It doesn't have to be specific to syncing. We're about to add mirrored metadata, so "mirror" can imply "this repository cannot be manually edited, and mirror sync is implied by the presence". We need a way to toggle the metadata mirroring behavior at publish-time anyways (granted, not for the file plugin). So it would serve triple-duty and resolve all of those issues.

This would be a superset of the behavior of the sync "mirror" parameter, but I think it matches the use case well. If a user wants to set "mirror" on their repository so that every sync would be a mirror sync, wanting to keep a forever-exact clone is probably what they want regardless, so the semantics difference isn't necessarily a bad thing. The only place it gets dicey is that "mirror" on the repository doesn't make a tooooon of sense unless the remote being mirrored is part of the repository also...

This is specific to the "mirror" parameter, just to be clear, I don't think we should be putting put 100% sync-specific settings on the repository, same with publish settings.

I think manifest is a publish-specific option and should maybe not live on the Repository model. I'm imagining that plugins might have lots of publish options that they might want to store and share across repos so we might want to consider a separate object for this.

I do agree with this. I'd also add that if we kept the publish settings in a separate object, we could eventually transition to making them copy-on-write, and each Publication could therefore know both the repository version and publish settings it was created from. That would really help auditability, and also potentially be leveraged to avoid re-doing work. We could skip re-publishing if a publication with identical inputs already exists.

At the very least, I think it should be in a nested serializer, so that they are kept separate from the user perspective, even if we would store the data on the repository for now.


I do have some other minor problems with this proposal though.
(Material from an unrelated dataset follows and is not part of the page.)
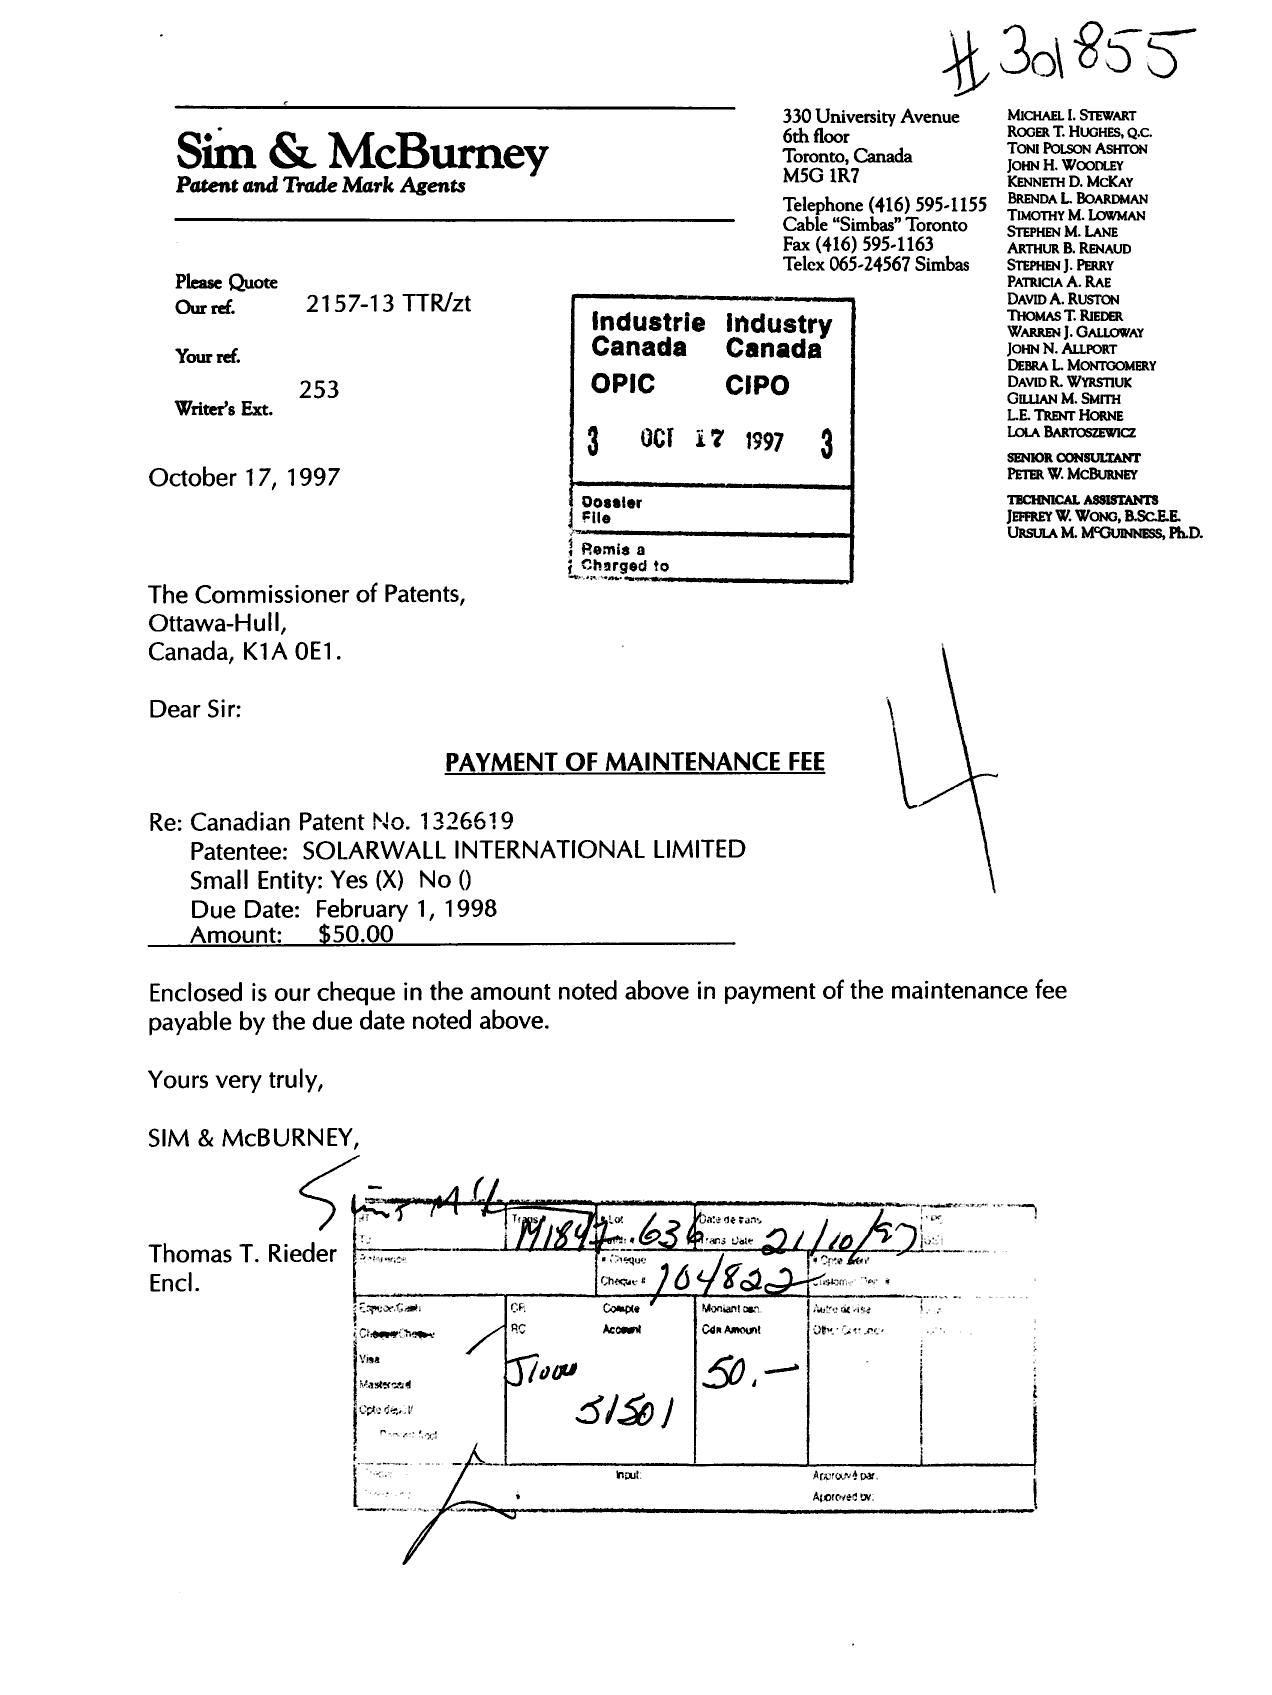 Document de brevet canadien 1326619. Taxes 19971017. Image 1 de 1

  • I actually think we should have Repository reference BaseDistribution rather than the other way around. I know I suggested this earlier but it only really makes sense if we're going to simultanously support push and pull workflows and I don't really think we should attempt that anymore.
  • I think we should reduce the immediate scope of our implementation down to the strict MVP we need - which is, auto publish + distribute together. We can make it more configurable later (although I don't mind creating a solid plan on how to do that in the future).
    • So if we do that, the simple existence of the (nullable) FK from repository -> base distribution, implies auto-distribute, implies auto-publish.
      • The toggles we add later can turn it back off.
    • UX improvement: We can auto-create Distributions directly via the Repository viewsets. When you're setting up the repository, give it the base path -- if a distribution with an overlapping base path exists already, fail, otherwise, create it automatically.
      • If we follow that same pattern with sync & publish settings then we're back to being able to set Pulp up to mirror a repository in a single request.
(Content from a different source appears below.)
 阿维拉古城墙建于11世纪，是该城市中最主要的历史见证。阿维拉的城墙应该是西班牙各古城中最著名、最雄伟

In workflow terms, what I would like to see is:

Create a repository, providing the distribution + publish settings. If distribution is provided but publish settings are not, then it fails to validate (but registry-oriented publication-less plugins should work because they have no need for publish settings).

If possible it would be great if you could either specify the actual publish settings & distribution base path in a nested fashion in the request, OR the href of an existing one. I think DRF could handle that. And we should use get-or-create to do copy-on-write so that we don't end up with duplicate settings objects.


In terms of code changes:

Repository:
   distributes_to (BaseDistribution)
   publish_settings (BasePublishSettings)
   mirror (bool)

FileRepository(Repository)
    < no change>
   
BasePublishSettings(MasterModel):
   < empty >

FilePublishSettings(BasePublishSettings):
   manifest (str)

auto_publish & auto_distribute could then be added later (if still desired) to restrict how much is done by default.

Also I'm not against skipping the model inheritance and just using a json field for the publish settings, it would make everything easier. Maybe we'd out-grow it eventually but at that point in time we could do a migration.

Actions #22

Updated by daviddavis over 3 years ago

Your proposal sounds mostly good to me.

A couple thoughts: moving the distribution relationship to the repository means that users can't auto-distribute to multiple distributions. I don't have an objection but it's worth calling out.

I'm still dubious about putting mirror on repository and actually I think it might be better to wait to do so when we address #6353. I don't think storing mirror is necessary for this feature. I'm happy to talk more about my concerns but basically it seems that there are two forms of mirroring: mirror syncing where only content is mirrored from the upstream repos during sync time and mirrored repos which can't be manually edited, mirror the upstream published data, etc. I think it's worth discussing how we differentiate the two and how they work together (or don't).

Actions #23

Updated by dalley over 3 years ago

A couple thoughts: moving the distribution relationship to the repository means that users can't distribute to multiple repos. I don't have an objection but it's worth calling out.

Fair. I didn't really think about that use case - admittedly, I'm not certain how common it would be. If we have a solid reason to support that use case then I'm fine with doing so.

I don't think storing mirror is necessary for this feature.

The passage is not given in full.